Rare Pearl in Heaven’s Edges!

October 10th, 2008

John Halpern is a former barman, an ex-lab geek, a former bank clerk and English teacher based in Rome. But more recently, this restless spirit is a crossword setter, better known as Paul to the solving public, creating puzzles in both The Manchester Guardian, and (anonymously) for The Times.

And he’s my favourite compiler, with an honourable mention to Taupi (for his brevity), America’s Henry Hook (his brainwaves) and Brendan (his daring).
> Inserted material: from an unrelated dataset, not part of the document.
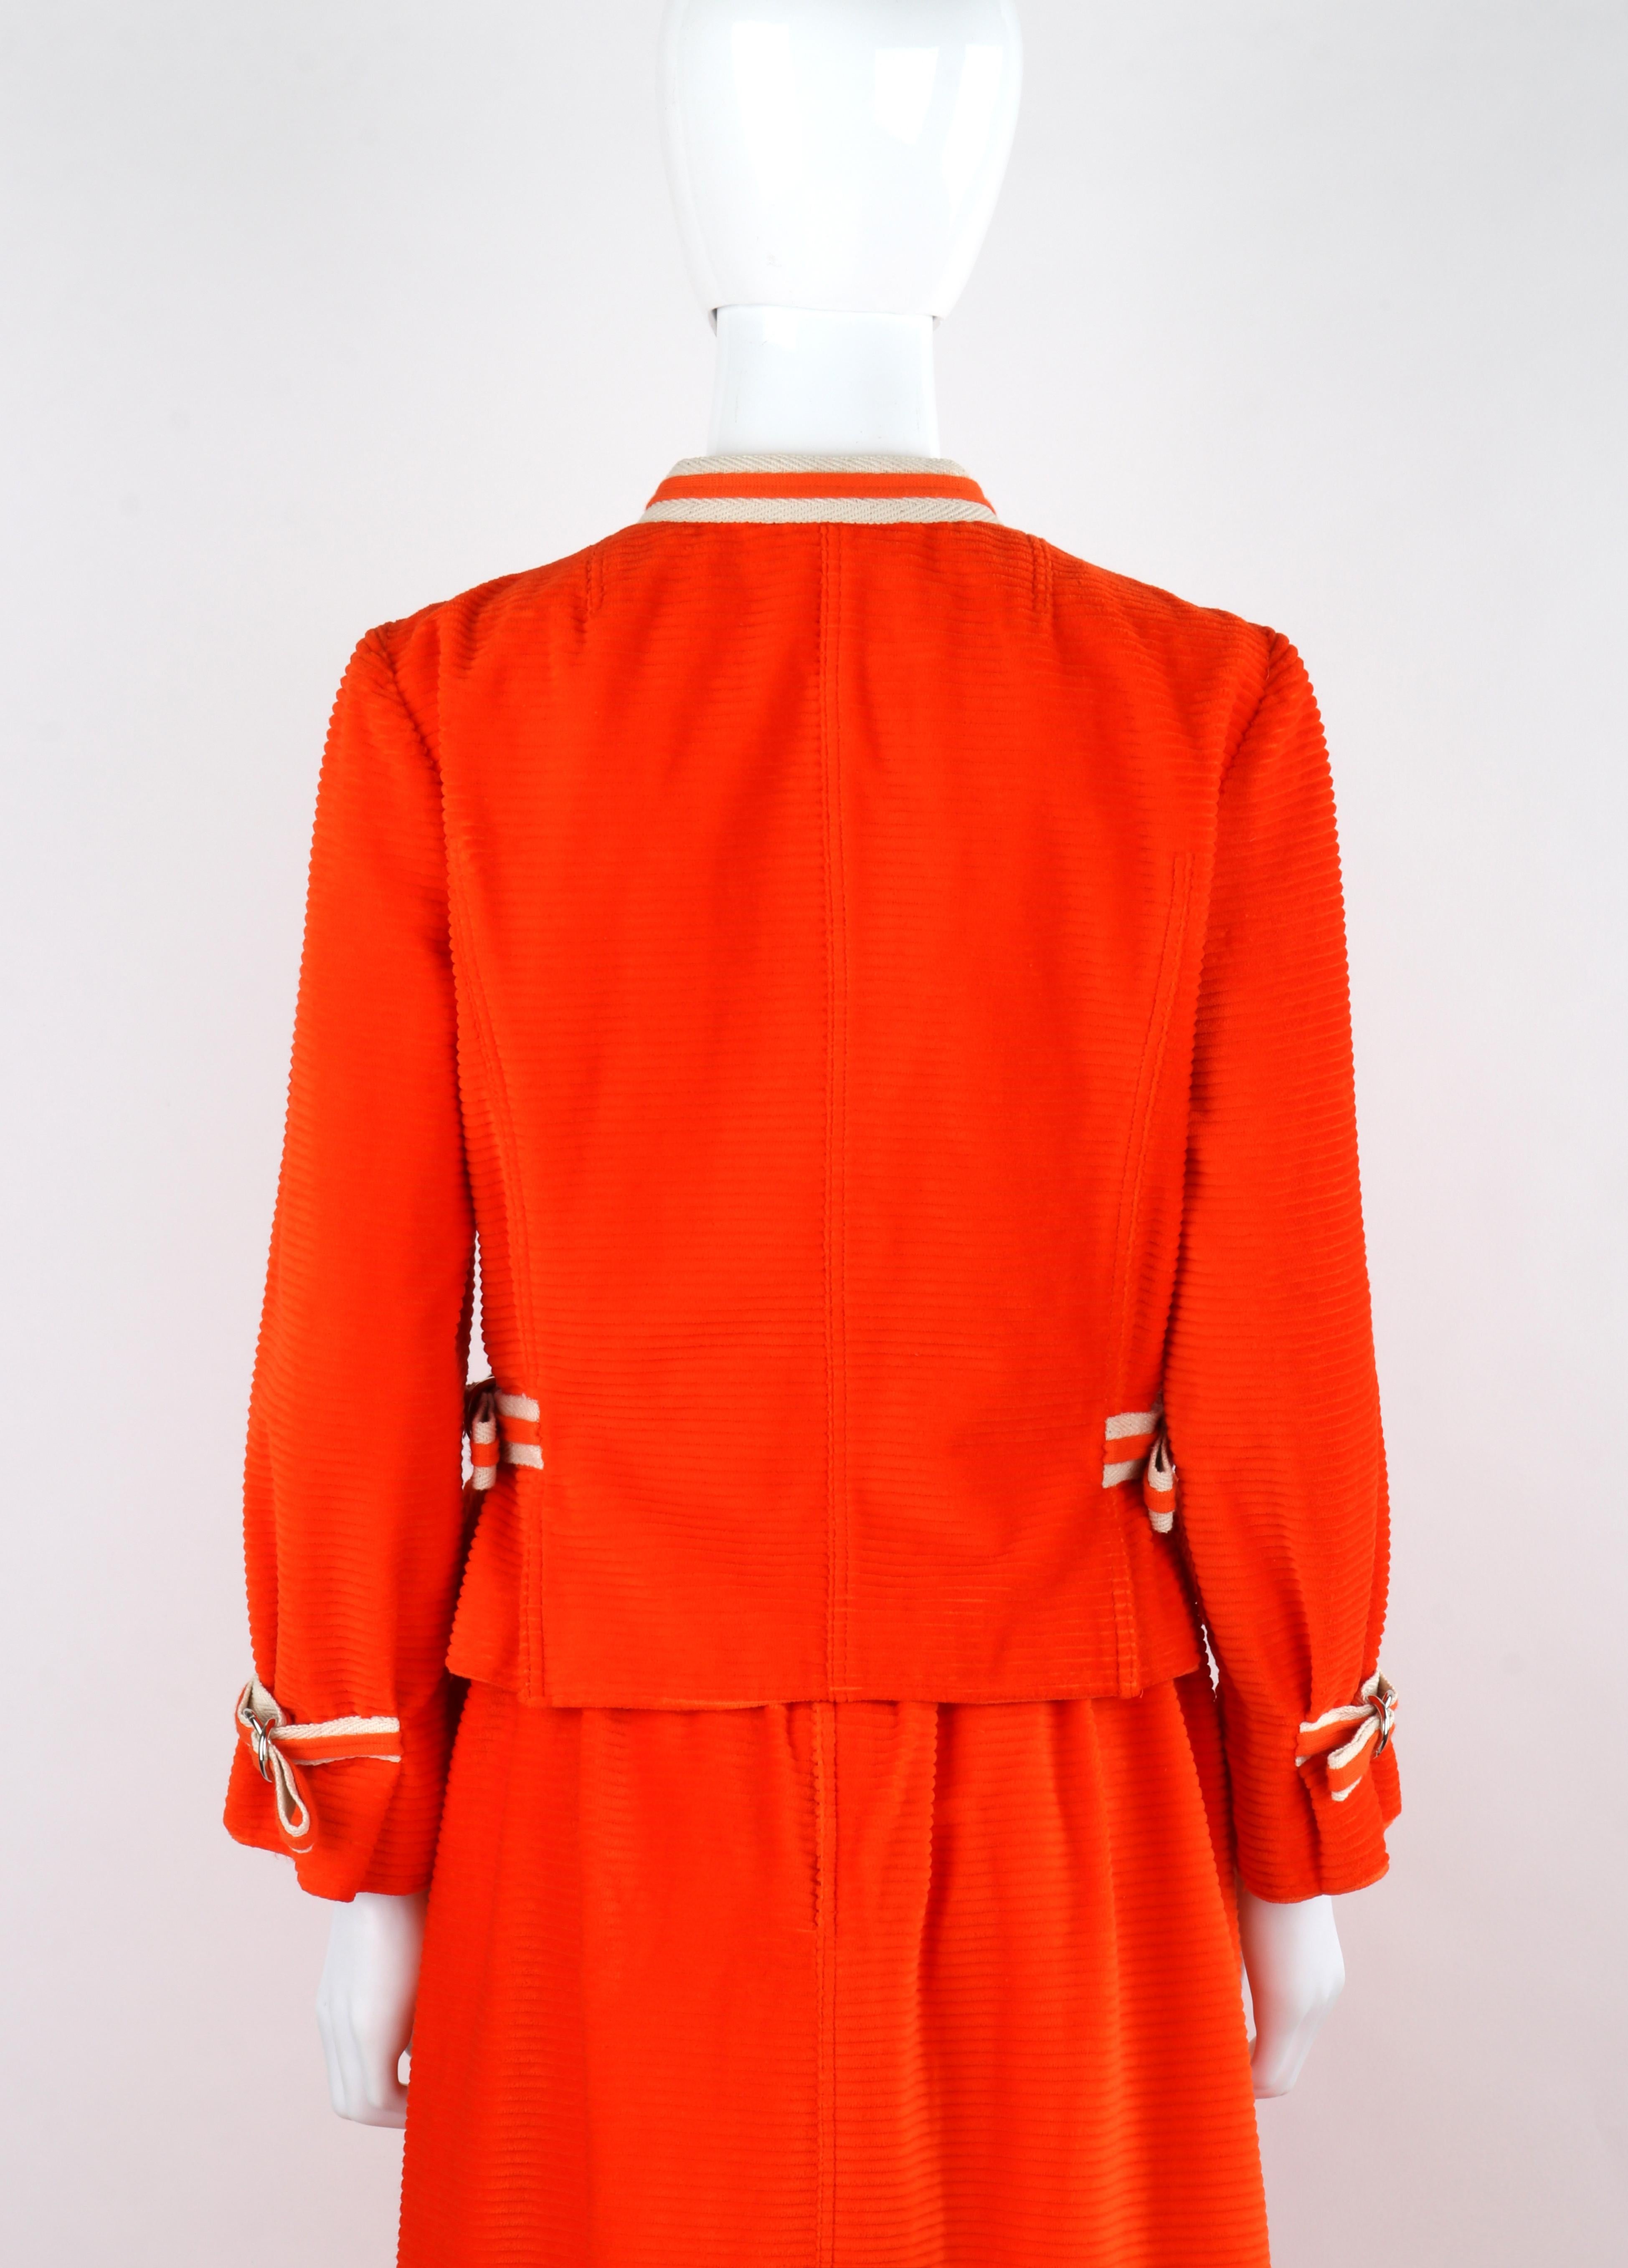 COURREGES c.1970's Orange Corduroy Button Up Jacket Blazer Skirt Suit Set w/Tags For Sale 1

But Paul tweaks my synapses best. His clues combine cheek with flair, teetering between tough and outrageous, though invariably fair. To give you a taste of his recipes, here’s a little ‘amuse bouche’ I prepared earlier:

A rather unfortunate flyer! = EARHART

For now, I hate myself = MEANTIME [me-anti-me]

Post-op, his number was up = CASTRATO

Close walrus relative = SEAL

PC Short cleverly called a night manoeuvre
= VERTICALLY CHALLENGED

Garage worker’s unanswered quiz question? = PANEL BEATER

From which comes peace offering to relieve suffering = OLIVE TREE

Pot reds = KHMER ROUGE

Some elegant anagrams. Several skewed perceptions. Brief, zestful, with high-smile factor. In a word Paulish.

Solving a crossword, you want that impasse feeling, where no clue yells the answer, and completion feels a lifetime away. And suddenly, an anagram emerges, a homophone flashes by, a double-meaning murmurs, and the hunt is on, taking you via cultures low and high, allusions cheap and classic, images sweet and bizarre, with a polished surface to the clues, and invisible seaming between definition and play.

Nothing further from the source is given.